BACKGROUND: Patients suffering from inflammatory bowel disease (IBD) are at increased risk of vitamin D deficiency. Daily or weekly vitamin D supplementation has not proven to be effective in improving vitamin D status, and it is thought that this failure has been primarily due to a lack of compliance. Circulating vitamin D is crucial to bone growth and development in children and adolescents. However, more recent data has demonstrated that vitamin D also plays a significant role in the maintenance and regulation of the immune system.
OBJECTIVES: The primary aim of this study is to investigate the safety and efficacy of administering high dose oral vitamin D therapy in pediatric patients with IBD. We chose to study patients receiving Remicade, an immunosuppressive monoclonal antibody therapy administered intravenously, as the need for scheduled hospital-based infusions provides a unique opportunity to ensure compliance in our study population.

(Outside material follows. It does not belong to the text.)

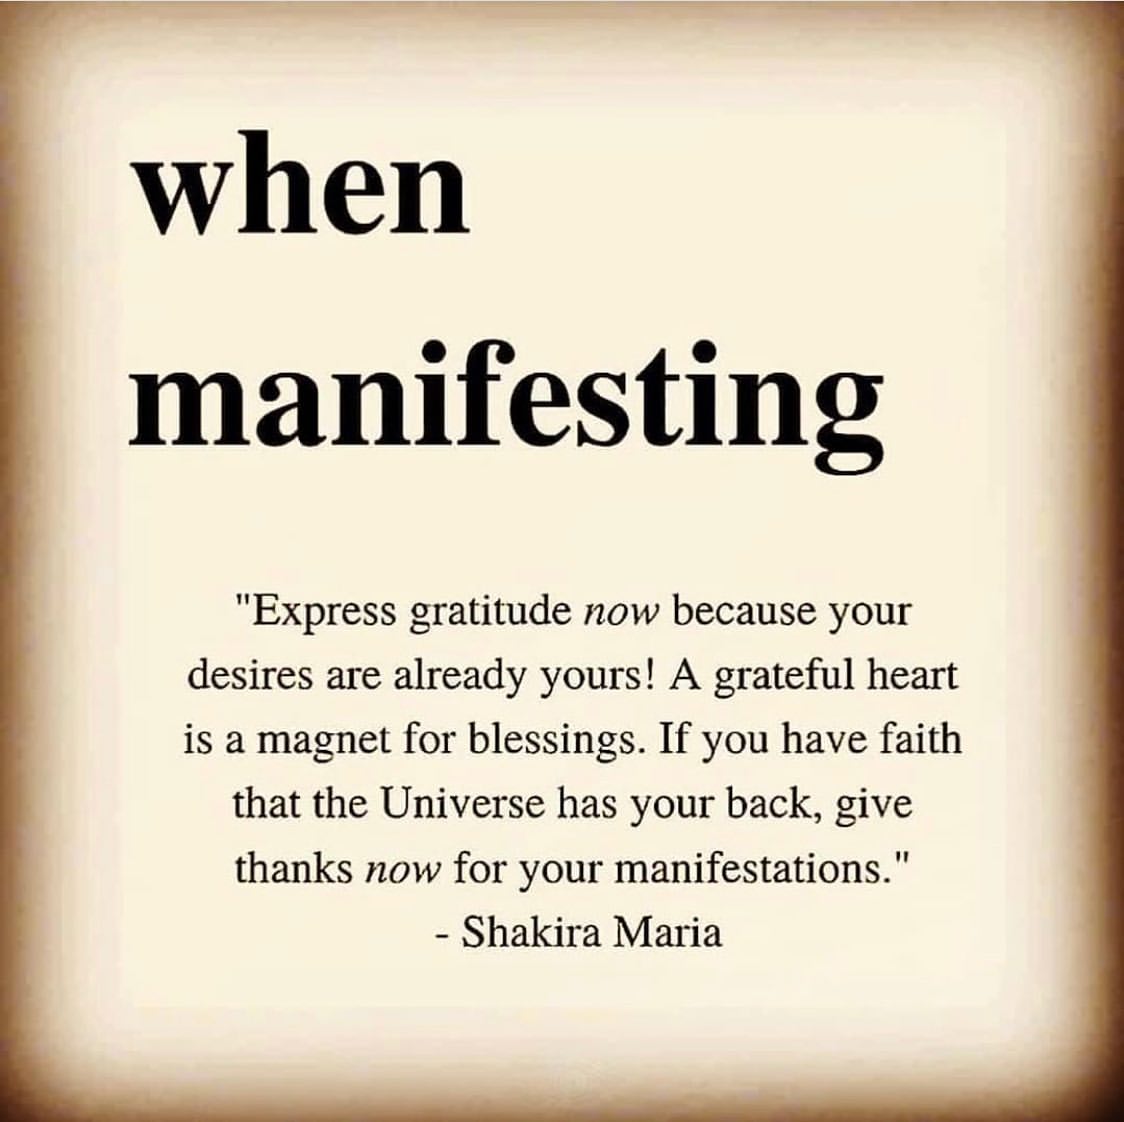 When manifesting "Express gratitude now because your desires are already yours! A grateful heart is a magnet for blessings. If you have faith that the Universe has your back, give thanks now for your manifestations.

METHODS: We identified consecutive pediatric patients with IBD with a recent 25-hydroxyvitamin D (25OHD) level < 30ng/mL, maintained on Remicade, and with no history of kidney or liver disease for inclusion in the study from November 2017 and November 2018. Enrolled patients received one-year of open-label therapy. Vitamin D treatment doses were assigned by Remicade interval and patients received either 50,000 international units (IU) (every 4-5 weeks) or 100,000 IU (every 6-8 weeks) vitamin D3 orally at the time of their Remicade infusions. In addition to vitamin D levels, spot urine calcium to creatinine ratios, serum calcium, phosphorus, and blood urea nitrogen (BUN) levels, quality of life metrics, and surveys pertaining to dietary vitamin D intake and ultraviolet B (UVB) radiation exposure were collected throughout the study period.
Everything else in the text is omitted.